I am trying to follow the rabbit in the game winterbells. Here are some screenshots
我试图在游戏winterbells中跟随兔子。这是一些截图
Originally I thought that I could follow a color that only the rabbit had, but it seems that all the objects (i.e. the bells and dove) have the same colors. I can detect all the objects by just searching for white (see results)
最初我以为我可以按照只有兔子的颜色,但似乎所有的物体(即铃铛和鸽子)都有相同的颜色。我可以通过搜索白色来检测所有对象(参见结果)
but I can't figure out how to find the rabbit. Would I have to use opencv? The only module I've used is pil to detect the colors of the pixels. It seems like an easy task but I just don't see how I can do it.
但我无法弄清楚如何找到兔子。我必须使用opencv吗?我用过的唯一模块就是检测像素的颜色。这似乎是一项简单的任务,但我不知道如何做到这一点。
2 个解决方案
#1
14
The simplest way would be to just classify the shapes by area. Here's one solution with SimpleCV:
最简单的方法是按区域对形状进行分类。这是SimpleCV的一个解决方案:
>>> from SimpleCV import *
>>> image = Image('image.png')
>>> binarized = image.binarize(220).invert()
>>> binarized.show()
Now, this is much easier to work with. You can use simple blob detection to filter out the bells and the bird:
现在,这更容易使用。您可以使用简单的斑点检测来过滤掉铃铛和鸟:
>>> blobs = binarized.findBlobs()
>>> for blob in blobs:
... blob.draw()
... print blob
... binarized.show()
... raw_input()
After pressing Enter 50 times and looking at the areas of the blobs, you'll notice that the bells have an area between 630 and 660. The bird has an area of 540 and the rabbit has an area of about 750.
按下Enter键50次并观察斑点区域后,你会注意到铃铛的面积在630到660之间。这只鸟的面积为540,兔子的面积约为750。

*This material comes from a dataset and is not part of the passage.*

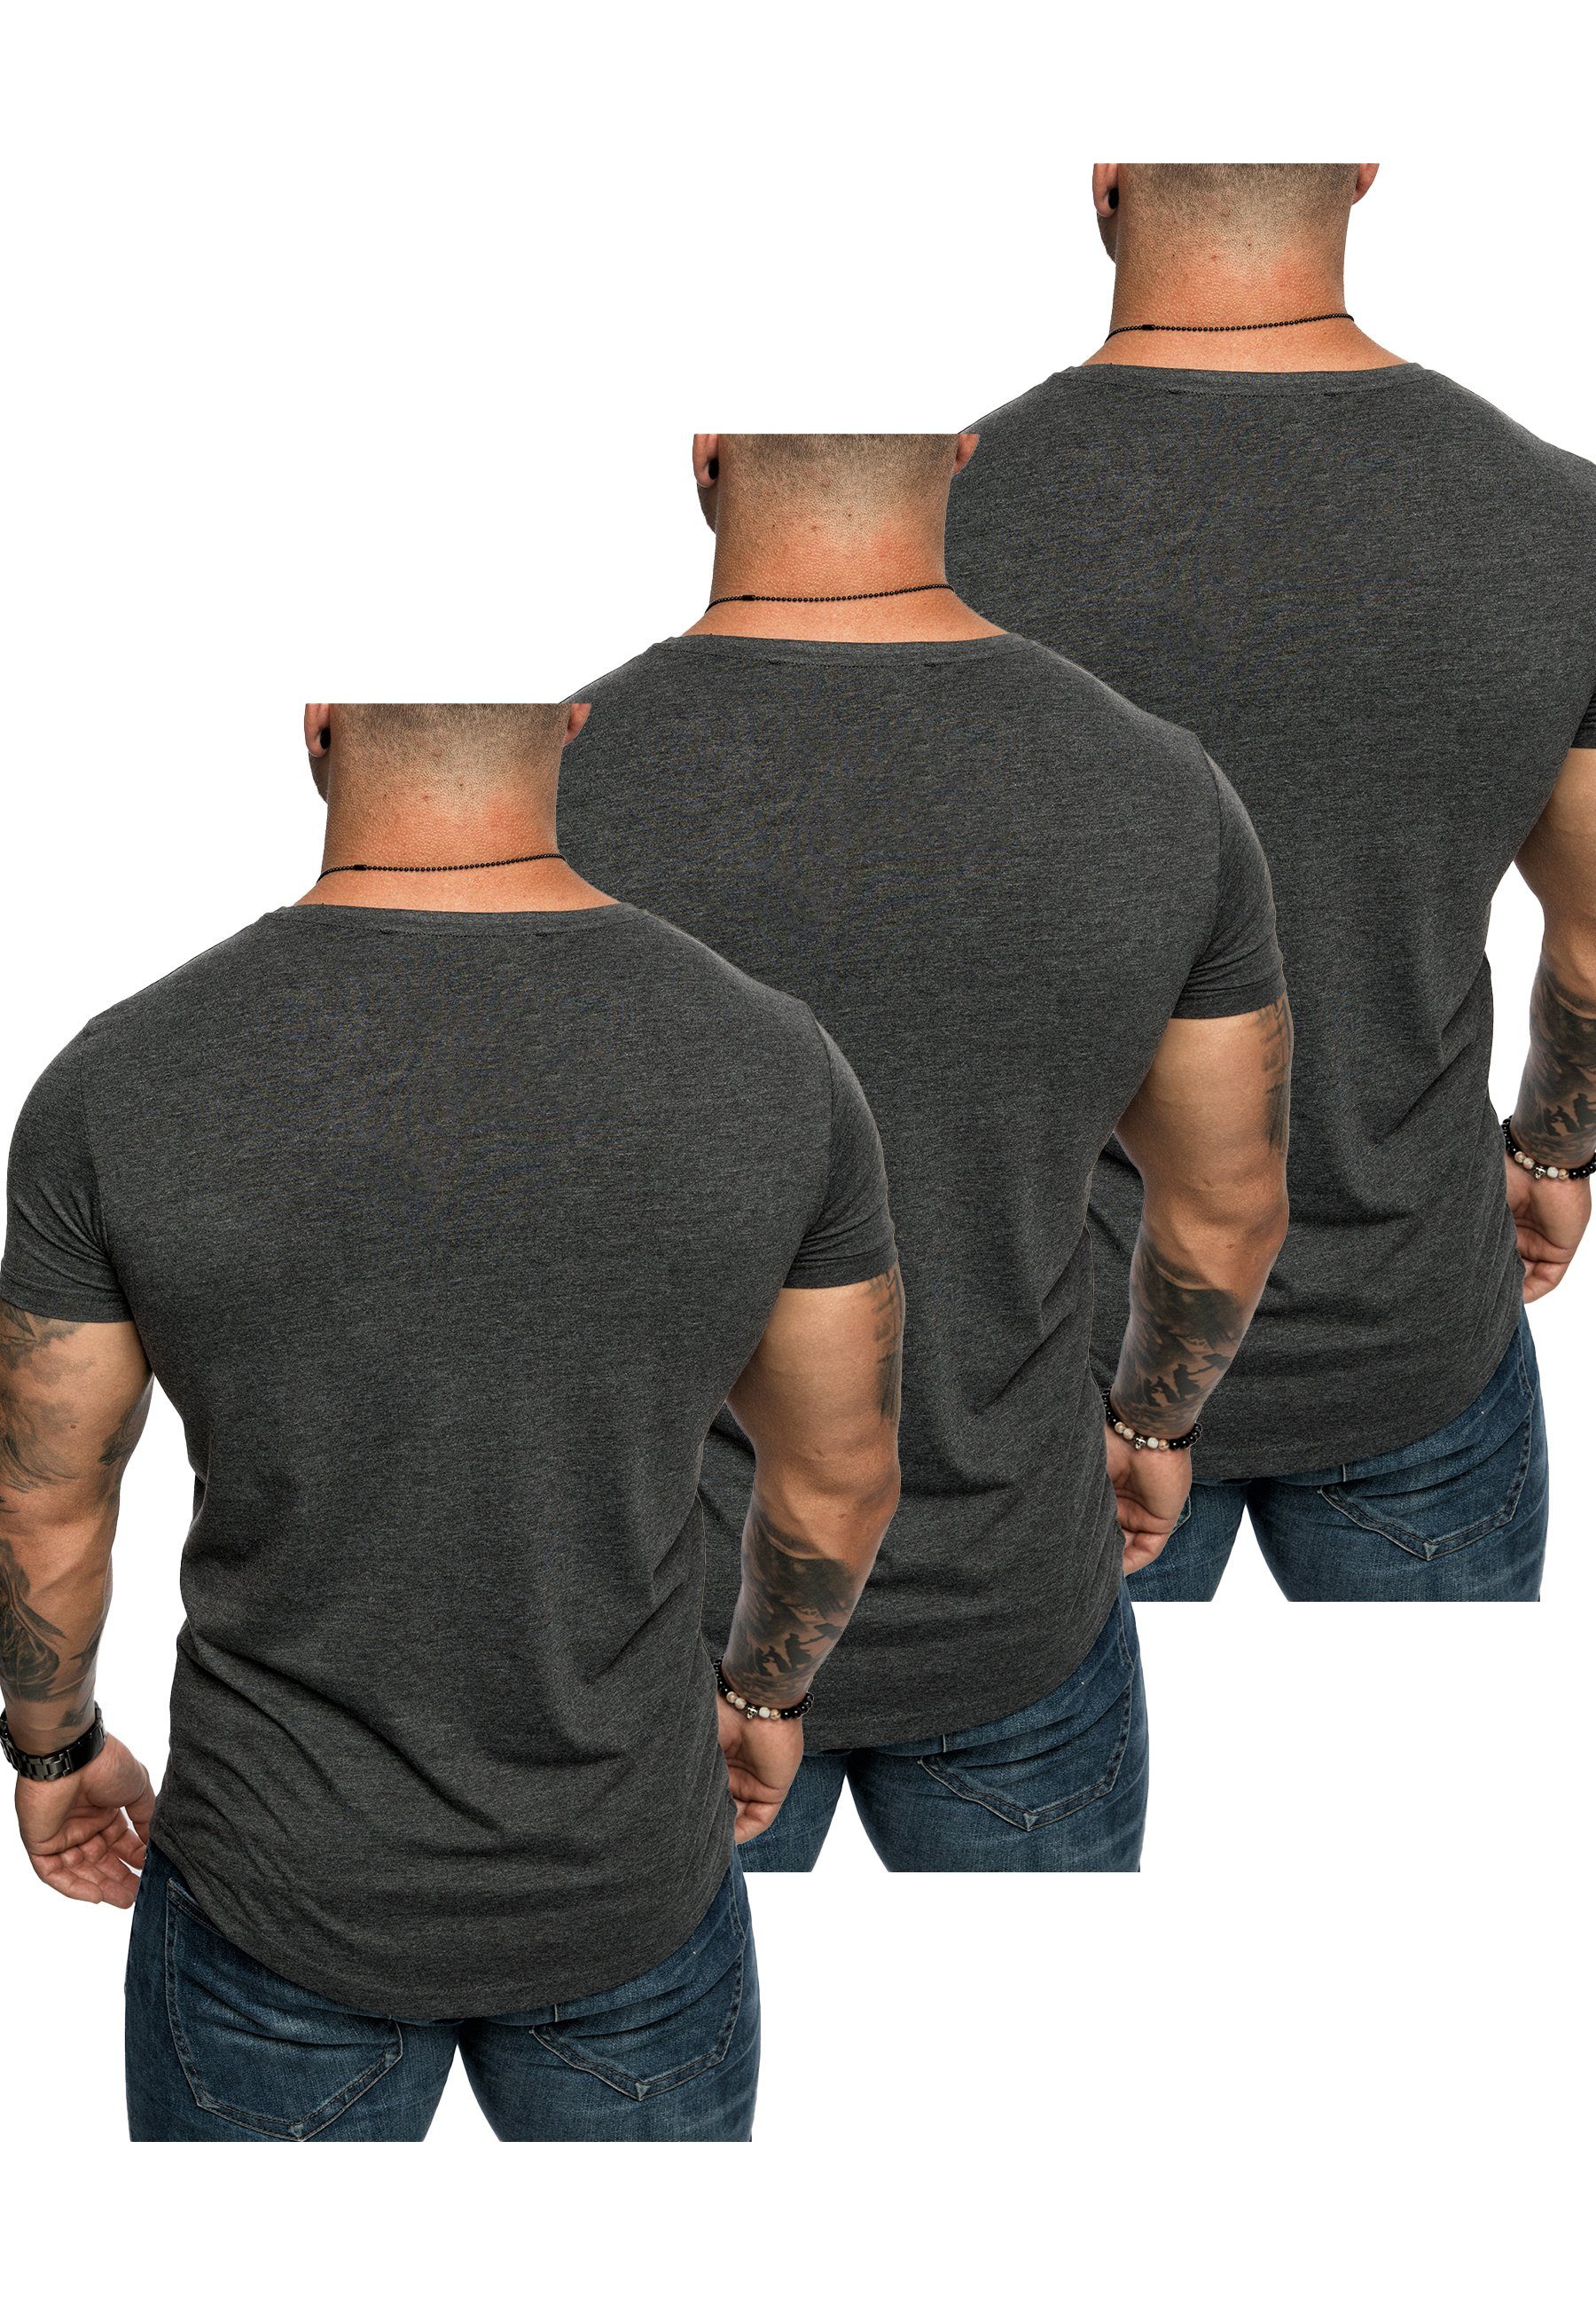 T-Shirt Herren T-Shirts BELLEVUE Amaci&Sons Oversize 3er-Pack (3x mit V-Ausschnitt (3er-Pack) 3. T-Shirt Basic Anthrazit)

Now, it's just a matter of filtering out the blobs you don't want:
现在,只需要过滤掉你不想要的blob:
>>> rabbit = next(b for b in blobs if abs(750 - b.area()) < 60)
>>> rabbit.draw()
>>> binarized.show()
>>> rabbit
SimpleCV.Features.Blob.Blob object at (381, 445) with area 754
There's your rabbit.
有你的兔子。
So to wrap things up, your script would look like:
所以为了包装起来,你的脚本看起来像:
from SimpleCV import *
image = Image('image.png')
binarized = image.binarize(220).invert()
blobs = binarized.findBlobs()
rabbit = next(b for b in blobs if abs(750 - b.area()) < 60)
print rabbit.coordinates()
#2
0
i think, you can try to use svm to classify rabbit and bell. First, you can detect all objects, and then classify them with svm.
我想,你可以尝试使用svm来分类兔子和铃铛。首先,您可以检测所有对象,然后使用svm对它们进行分类。
#1
14
The simplest way would be to just classify the shapes by area. Here's one solution with SimpleCV:
最简单的方法是按区域对形状进行分类。这是SimpleCV的一个解决方案:
>>> from SimpleCV import *
>>> image = Image('image.png')
>>> binarized = image.binarize(220).invert()
>>> binarized.show()
Now, this is much easier to work with. You can use simple blob detection to filter out the bells and the bird:
现在,这更容易使用。您可以使用简单的斑点检测来过滤掉铃铛和鸟:
>>> blobs = binarized.findBlobs()
>>> for blob in blobs:
... blob.draw()
... print blob
... binarized.show()
... raw_input()
After pressing Enter 50 times and looking at the areas of the blobs, you'll notice that the bells have an area between 630 and 660. The bird has an area of 540 and the rabbit has an area of about 750.
按下Enter键50次并观察斑点区域后,你会注意到铃铛的面积在630到660之间。这只鸟的面积为540,兔子的面积约为750。
Now, it's just a matter of filtering out the blobs you don't want:
现在,只需要过滤掉你不想要的blob:
>>> rabbit = next(b for b in blobs if abs(750 - b.area()) < 60)
>>> rabbit.draw()
>>> binarized.show()
>>> rabbit
SimpleCV.Features.Blob.Blob object at (381, 445) with area 754
There's your rabbit.
有你的兔子。
So to wrap things up, your script would look like:
所以为了包装起来,你的脚本看起来像:
from SimpleCV import *
image = Image('image.png')
binarized = image.binarize(220).invert()
blobs = binarized.findBlobs()
rabbit = next(b for b in blobs if abs(750 - b.area()) < 60)
print rabbit.coordinates()
#2
0
i think, you can try to use svm to classify rabbit and bell. First, you can detect all objects, and then classify them with svm.
我想,你可以尝试使用svm来分类兔子和铃铛。首先,您可以检测所有对象,然后使用svm对它们进行分类。